We are in the process of purchasing new devices for our Year 7/8 classes for 2015.

I am wanting to know what peoples views/experiences are with using either Chromebooks or ipads?

What are the advantages/disadvantages of using them.

Kia ora ano

Replies

  • Louise (View all users posts) 02 Dec 2014 6:41pm ()

    Hi, Kate.

    I have been using IPads with my Year 7/8 class and they are great, but like all things have their limitations. there are some amazing apps that you can access via I pads, and the ease of getting to them to use are very efficient for maximum learning.

    However, their are also excellent GAFE which have equivalent , more and free apps for education. So, it would be up to how you wanted to use the equipment. Sometimes, the Year 7/8 are more capable using chrome books, and IPads can be more useful in junior school. 

    Good luck with your purchases, can't really go wrong if you are willing to put the effort in to use them to their full potential.

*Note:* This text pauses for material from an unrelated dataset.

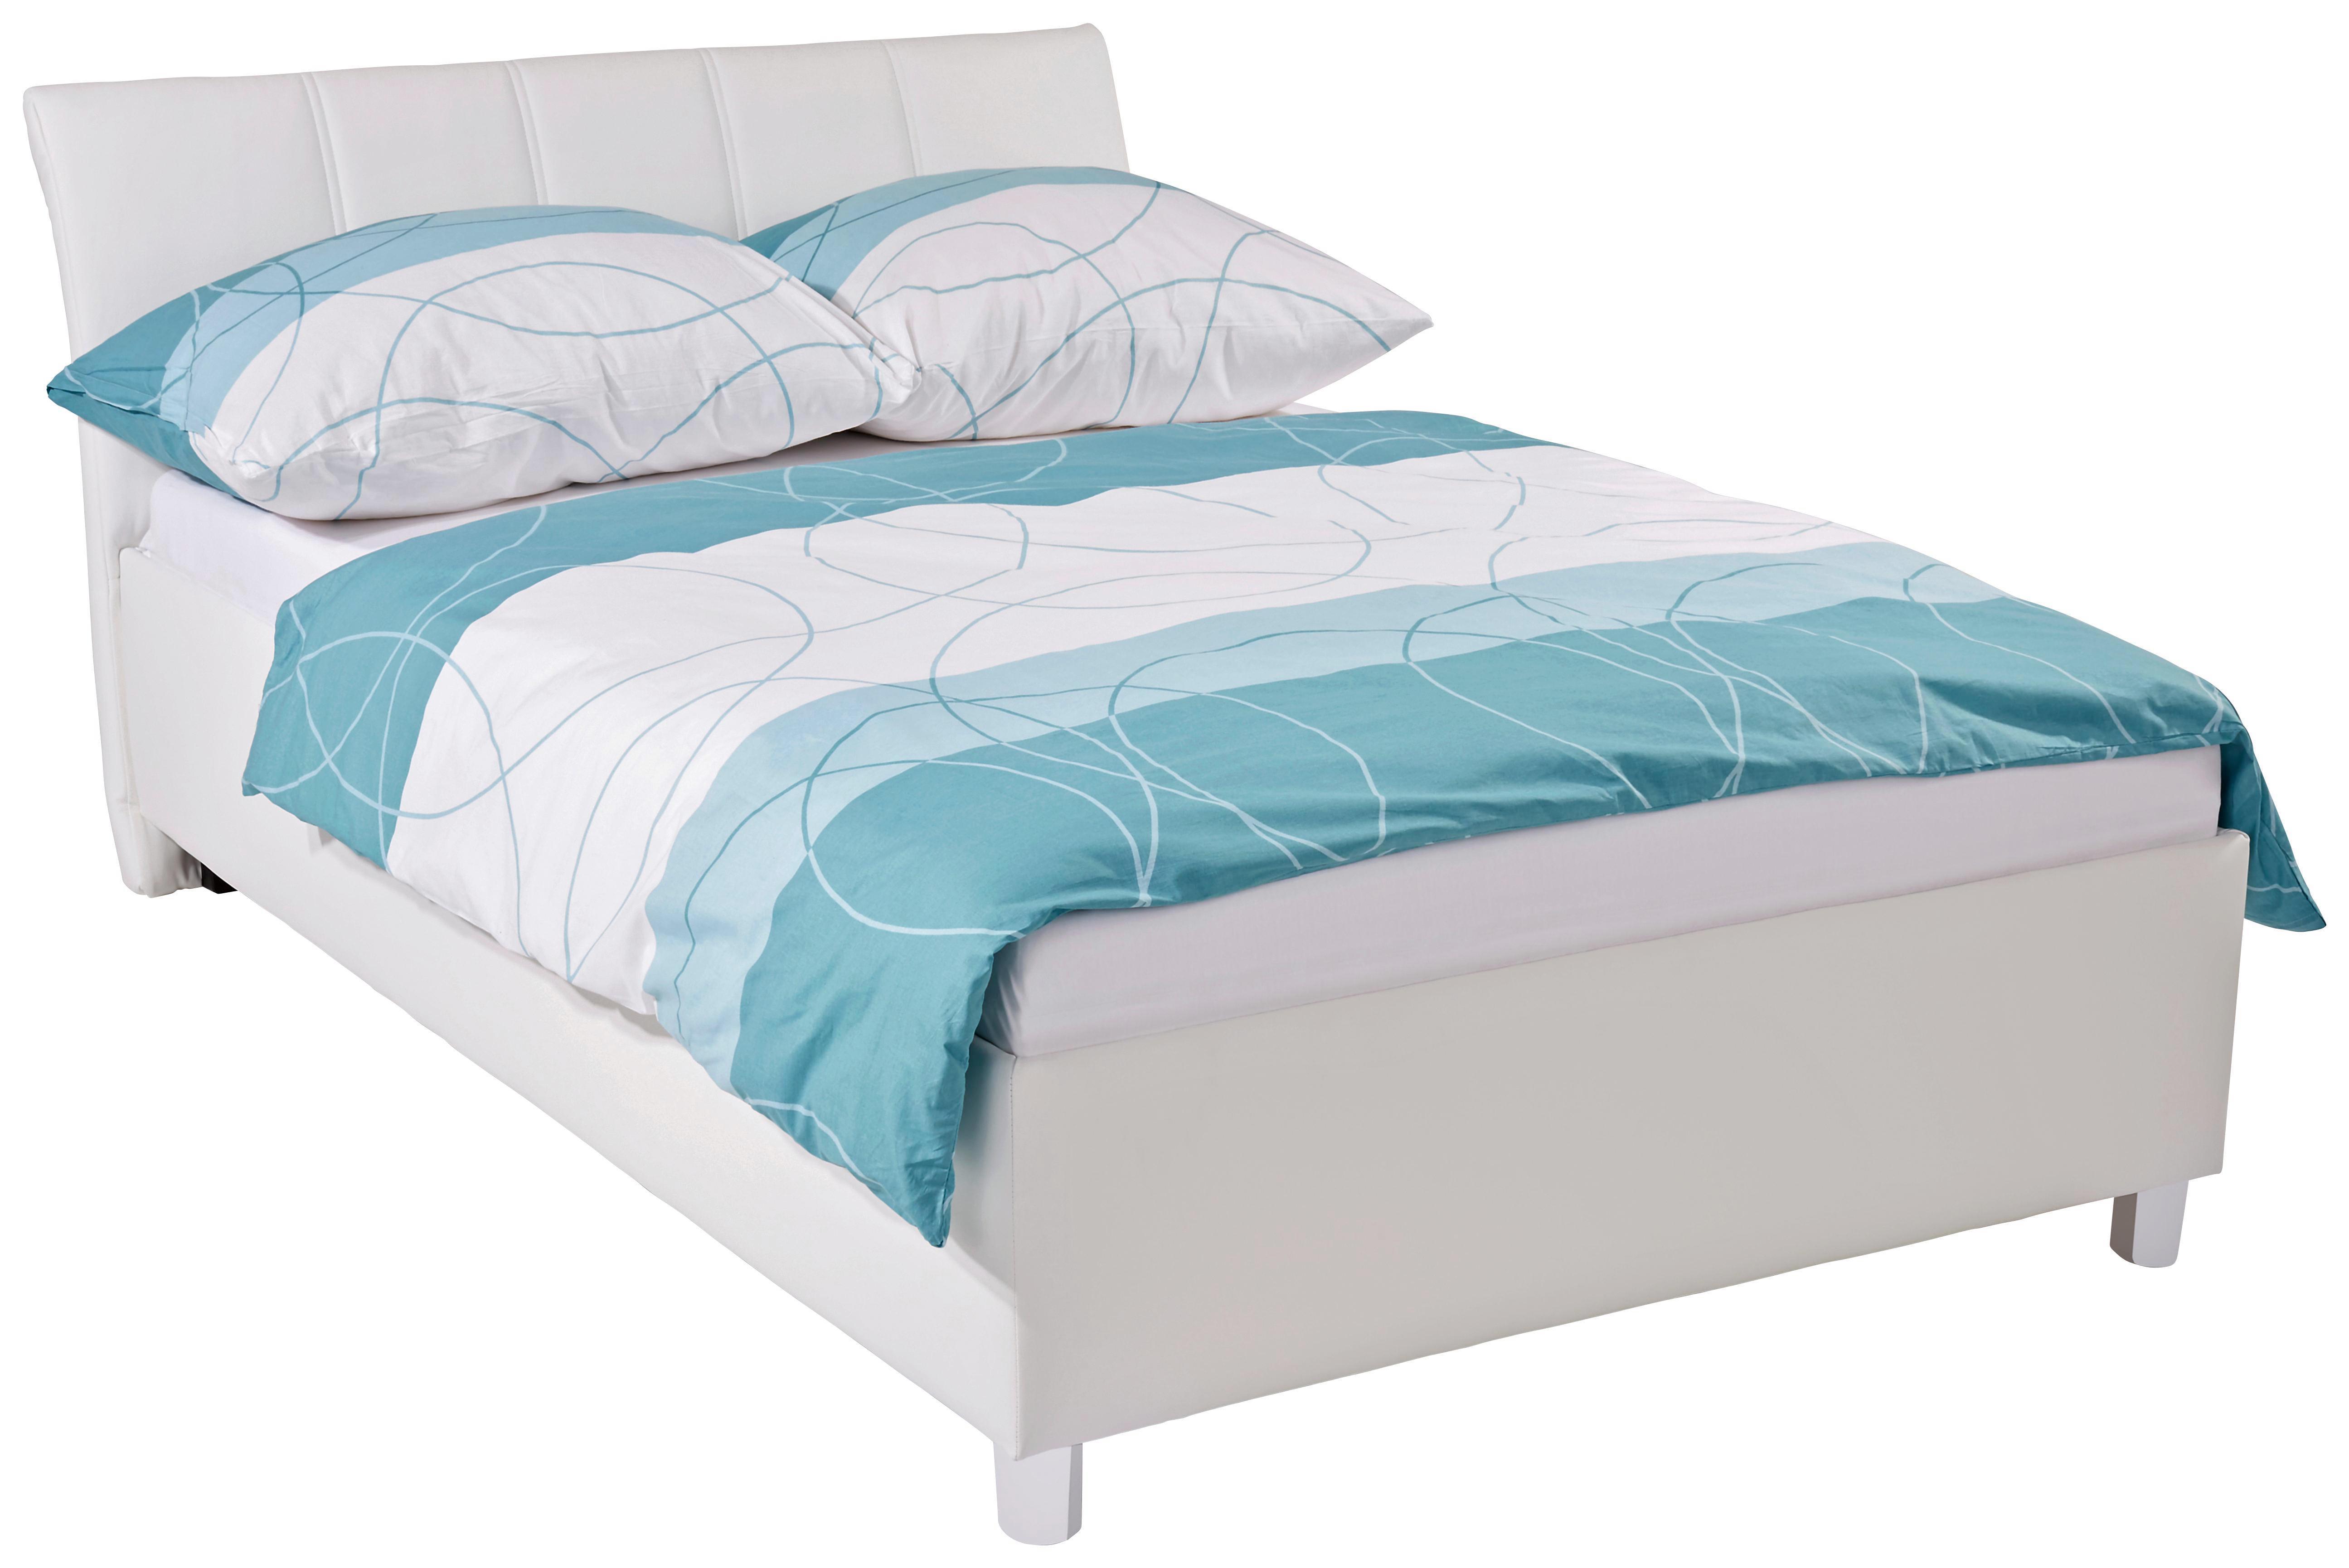 1 40x2 00 fabulous celinatex jersey baumwolle xx cm fr lucina dunkelgrau with 1 40x2 00. Black Bedroom Furniture Sets. Home Design Ideas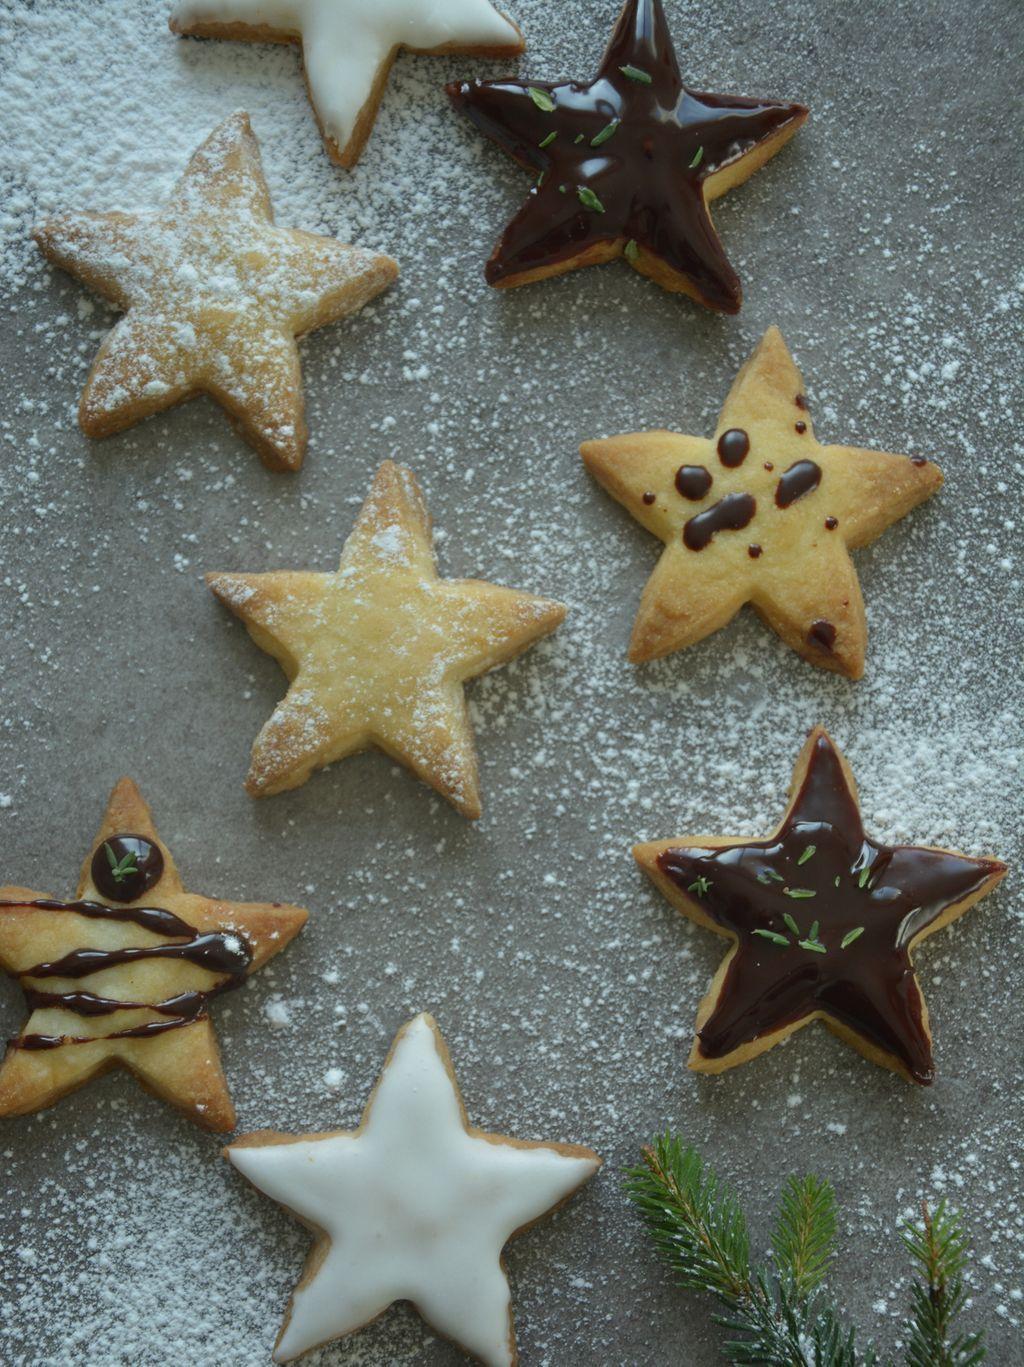 Recette : petits sablés de Noël! #sabledenoel Recette : petits sablés de Noël! - Modes&Travaux #sabledenoel

  • GavinH (View all users posts) 02 Dec 2014 8:25pm ()

    Hi Kate

    We have been using a combination of ipads and chromebooks in our Year 5 class. It works really well in that we can do mobile learning with the ipads - outside more practical and our processing from our chromebooks. We are not 1:1  we have 10 chromebooks and 4 ipads  and this works out to a 1:2 ratio and the students are fine with using either. There are times when I wish we had more ipads and visa versa.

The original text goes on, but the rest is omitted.